Mientras tanto, en un episodio paralelo en Nueva York, un agente estadounidense, Houghton, consiguió interceptar un portafolio perteneciente al agregado comercial alemán Dr. Albert, que contenía documentos secretos, incluidos los códigos. Houghton no tuvo que hacer nada sofisticado: simplemente robó el portafolio del diplomático en el metro. Ese mismo día, los documentos fueron entregados a la policía, quienes, al reconocer la importancia de los papeles, comenzaron a fotografiarlos para preservar la información antes de devolverlos al dueño.

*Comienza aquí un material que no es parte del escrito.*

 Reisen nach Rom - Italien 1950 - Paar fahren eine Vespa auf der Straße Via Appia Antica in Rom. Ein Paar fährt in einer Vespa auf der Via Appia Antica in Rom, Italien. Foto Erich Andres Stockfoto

Todo esto ilustra un aspecto fundamental del espionaje: la importancia de las claves y los códigos. La posesión de la clave adecuada podía convertir un mensaje inofensivo en una revelación letal. Cuando los oficiales franceses interceptaron el mensaje de von Kroon, pudieron descifrarlo y, por primera vez, obtener una evidencia contundente contra Mata Hari. Sin embargo, lo que realmente desveló su traición fue la astucia y la paciencia de los agentes de inteligencia que, a través de diversas tácticas de vigilancia, pudieron obtener la clave del código utilizado para cifrar los mensajes, lo que les permitió desmantelar la red de espionaje.

Este relato también pone de manifiesto cómo los espías, a menudo considerados héroes en sus respectivos países, pueden llegar a ser víctimas de sus propios errores y de las circunstancias imprevisibles. La historia de Mata Hari no es solo la de una mujer acusada de traición, sino también la de un sistema de espionaje tan complejo que incluso los errores aparentemente triviales pueden tener consecuencias fatales. En este contexto, es crucial comprender cómo los agentes y sus contrapartes juegan con la información y los códigos, y cómo incluso un pequeño descuido o una decisión impulsiva puede ser la clave para desvelar una red de espionaje.

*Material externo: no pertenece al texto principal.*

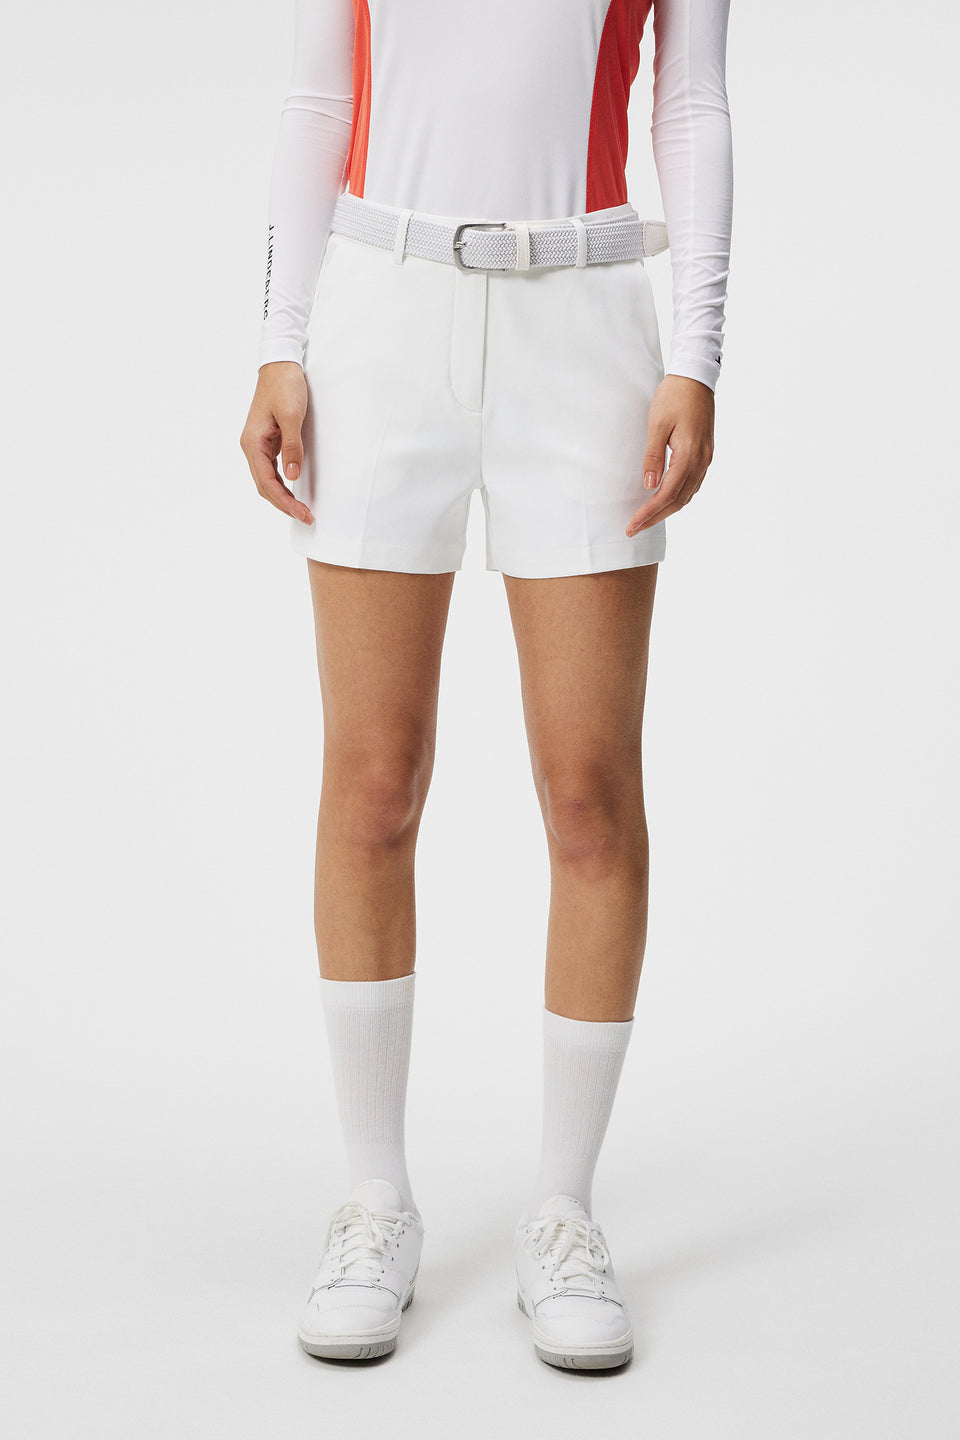 Stylish Golf Shorts for Women - J.Lindeberg

¿Por qué permanece Muller en Cliffhurst después de obtener los planos del torpedo Croxton-Delahey?

Carrados se mostró, como siempre, imperturbable, mientras escuchaba con atención los detalles que le proporcionaba el Inspector Tapling. El caso que tenían entre manos no era trivial, y los giros que iba tomando se volvían cada vez más intrigantes. A medida que la conversación avanzaba, los elementos de espionaje, intriga y secretos militares se tejían con una precisión escalofriante.

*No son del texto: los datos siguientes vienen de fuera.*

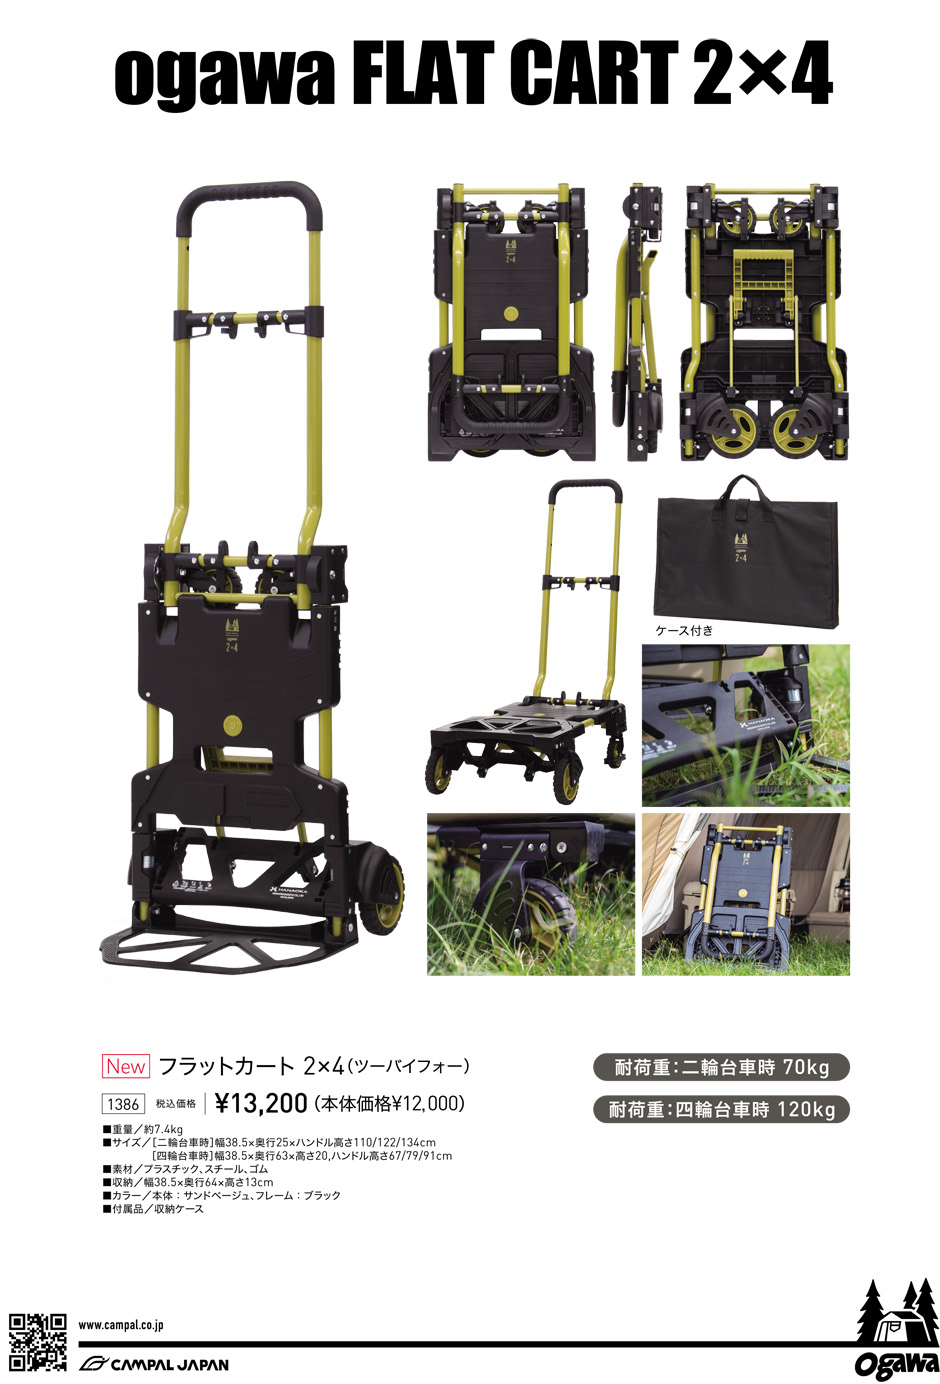 新製品】ogawa フラットカート 2×4発売のお知らせ | News | ogawa

El torpedo Croxton-Delahey era una de esas máquinas que casi parecían sacadas de una novela de ciencia ficción, pero, como tantas veces ocurre, la realidad superaba la fantasía. Este torpedo, que podría recorrer hasta diez mil yardas a una velocidad de 55 nudos, poseía un mecanismo que le permitía cambiar de rumbo de forma autónoma, zigzagueando por un área determinada antes de encontrar un objetivo. Su capacidad para perforar redes de torpedos, cargado con una impresionante cantidad de algodón-pólvora, lo convertía en un arma altamente destructiva. Si, por alguna razón, se encontraba cerca de un objeto metálico importante, su destino era claro: avanzar hacia él, romper cualquier barrera que lo detuviera y detonar un proyectil de gran calibre, dejando solo destrucción a su paso.

Este dispositivo, un prodigio de la ingeniería bélica, había caído en las manos equivocadas. El misterio residía, en parte, en cómo sus planos habían sido filtrados y, en especial, por qué una figura como Muller, un espía alemán, se encontraba aún en la tranquila localidad de Cliffhurst tras haber obtenido los planos. Lo que parecía un simple acto de espionaje pronto reveló capas más profundas de la trama, con la intervención de una mujer desconocida y la cercanía de un grupo de sospechosos que actuaban como peones en un juego mucho más grande.

El Inspector Tapling había logrado reunir algunos datos sobre Muller, quien tenía una villa amueblada en Cliffhurst, lugar que parecía ser su refugio. Aunque había cambiado algunos billetes alemanes en Kingsmouth y mantenía comunicaciones con Lubeck, hasta el momento no se había logrado una conexión directa con el misterioso “Brown”, la persona que, según la inteligencia británica, había filtrado los planos del torpedo. En un principio, Tapling creía que Muller estaba tratando de sacar provecho de los secretos militares británicos, pero su permanencia en Cliffhurst después de haber obtenido los planos era desconcertante. Si lo que buscaba era huir con la información, ¿por qué quedarse en una pequeña localidad costera en lugar de escapar rápidamente hacia algún lugar seguro?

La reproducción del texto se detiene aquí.